Лави зависает, машет Канде рукой, кричит его имя громко на всю палату, привлекая внимание тех глухих, кто не заметил шум удара двери об стену сразу по приходу мечника. Отвечать, разумеется, никто не собирается, разве что злобно зыркнув, и, за неимением ответа, привыкший книжник отмирает, начиная смотреть по сторонам, пытаясь ответить каждому то ли из вежливости, то ли действительно такой дурак, с радостью тратящий только начавшие восстанавливаться силы.

 

Вокруг все вьются и вьются медсестры со своими лекарствами, ставят капельницы и переспрашивают состояние. Общий шум слишком напряжный и для медицинского помещения, и для Канды, но тот терпит отчего-то.

 

И смотрит.

 

Смотрит на это, как смотрел много раз на подобные встречи с пострадавшими – сам был на их месте столько раз, – но чувствует сейчас странное чувство в груди, которое щемит сердце и почему-то просит ноги шевелиться, подойти поближе, а руки – вздернуться выше, без Мугена, и просто... просто.  

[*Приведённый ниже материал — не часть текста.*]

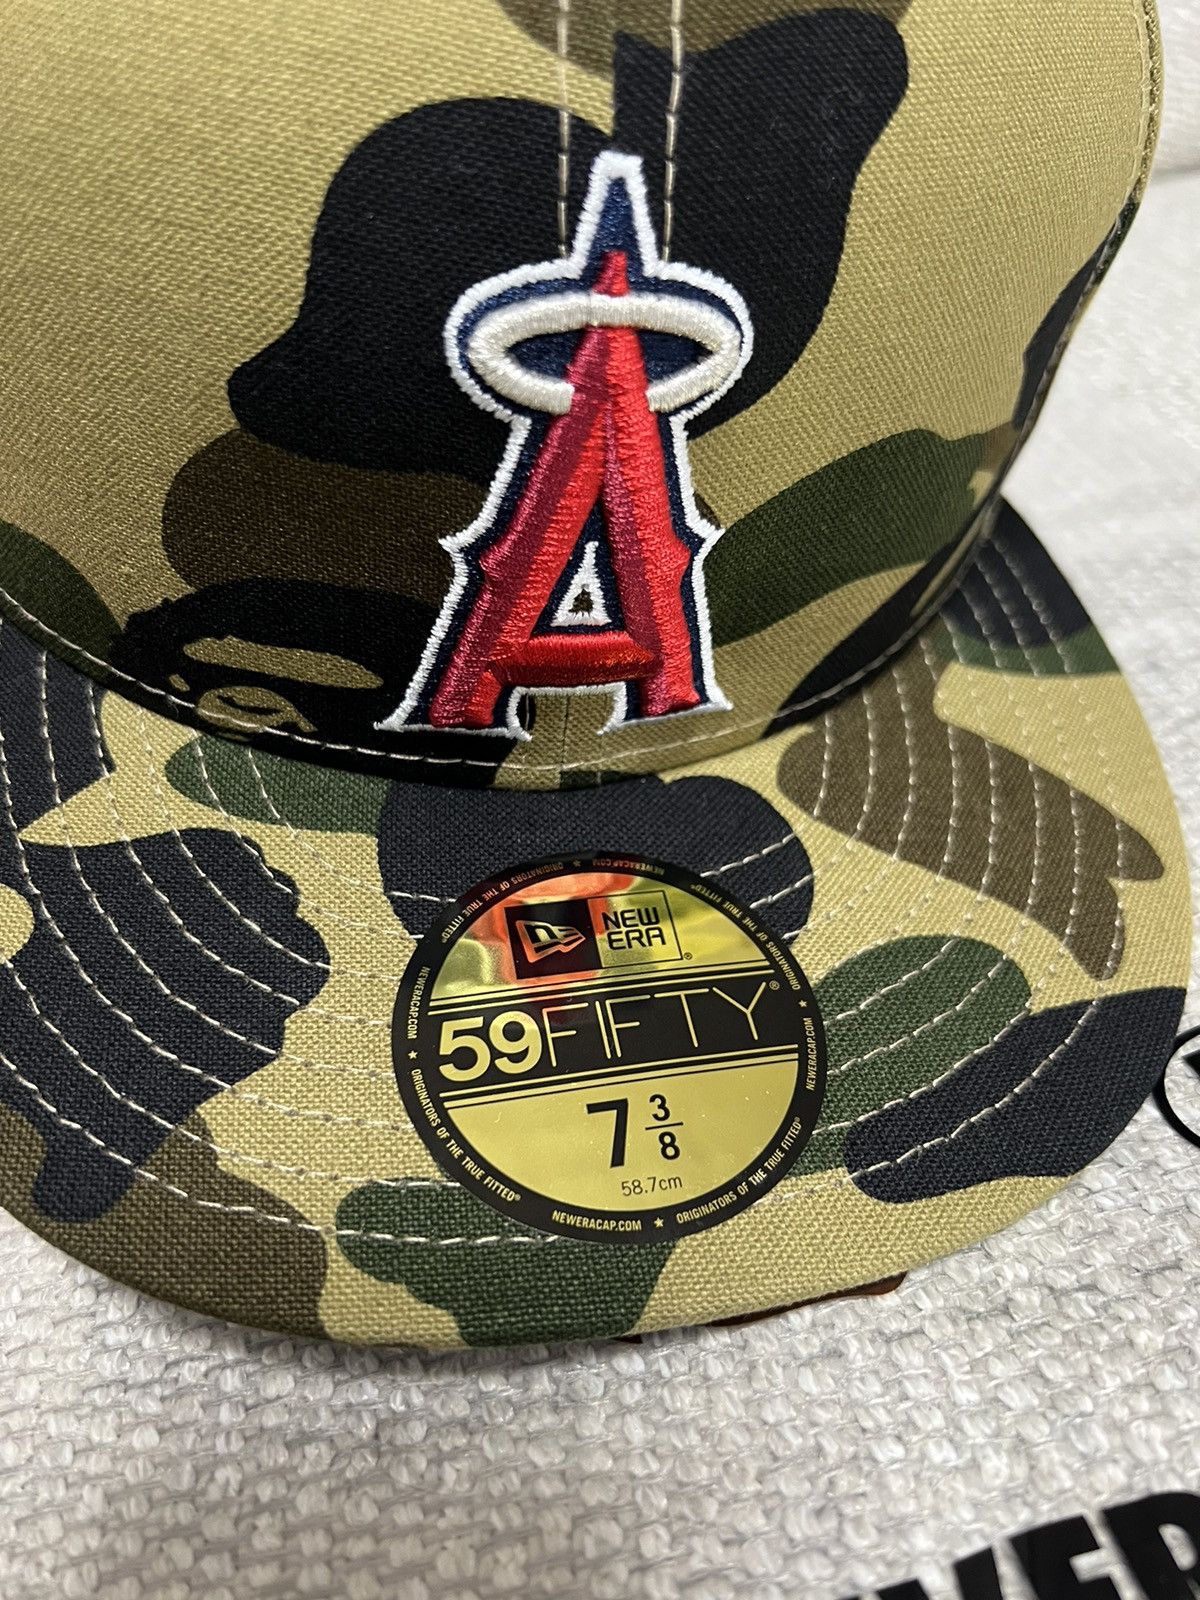 Bape BAPE X MLB X NEW ERA Japan exclusive Angels CAP | Grailed

Просто что-нибудь, спустя столько времени.

 

Канда смотрит и закусывает губу, цыкая в ответ Матроне на вполне ожидаемую просьбу всем освободить помещение, и всем видом, тоже ожидаемо, отказываясь и на сантиметр сближаться к двери. Та смотрит, закатывает глаза, почувствовав будто подбадривающую руку Смотрителя на своём плече, и вытирает руки о передник, сдаваясь и выходя.

 

Тут даже часов нет, чтобы их тиканье банально скрасило молчание. Канда не чувствовал себя неловко почти никогда, но сейчас смотрит прямо и точно мимо цели, злясь ещё больше с каждой секундой с того момента, как в Орден впервые пришли новости о пропаже без вести.  

 

– Юуу! И ты пришел. Хорошо выглядишь, хаха–

 

Молчание стен наполняет громкий и бесцельный трёп несмолкающего и сейчас еле заметно севшего голоса, и Канда вместо ответа лучше бы треснул уже давно эту рыжую голову каким-нибудь подручным предметом, если бы таковой был рядом, и только из-за его отсутствия выкрики все ещё досаждают слух. Только из-за этого.

 

– Юу, так что, ты скучал?

 

Голос слишком яркий, знакомый, слишком давно слышимый в последний раз, но не такой, чтобы можно было забыть, а смысл их блестит и искрится в сознании уже столько времени, и приходится фыркнуть, наконец делая шаг.

 

– Идиот, – рука, занесённая над кроватью, не добивает ожидаемо, а зависает, раздумывая, и мягко ложится поверх рыжей спутанной копны на какую-то долю момента, успев вплестись ощутимо пальцами в огненные пряди. – Для кролика ты как-то долго копошился.

 

Лави тихо ойкает, вжимает голову в плечи и подтягивает одеяло выше, дабы спрятать искреннюю непрошеную улыбку – ту ещё роскошь для книгочея, но сейчас они могут себе позволить слабость, компенсацию за те долгие три месяца неизвестности.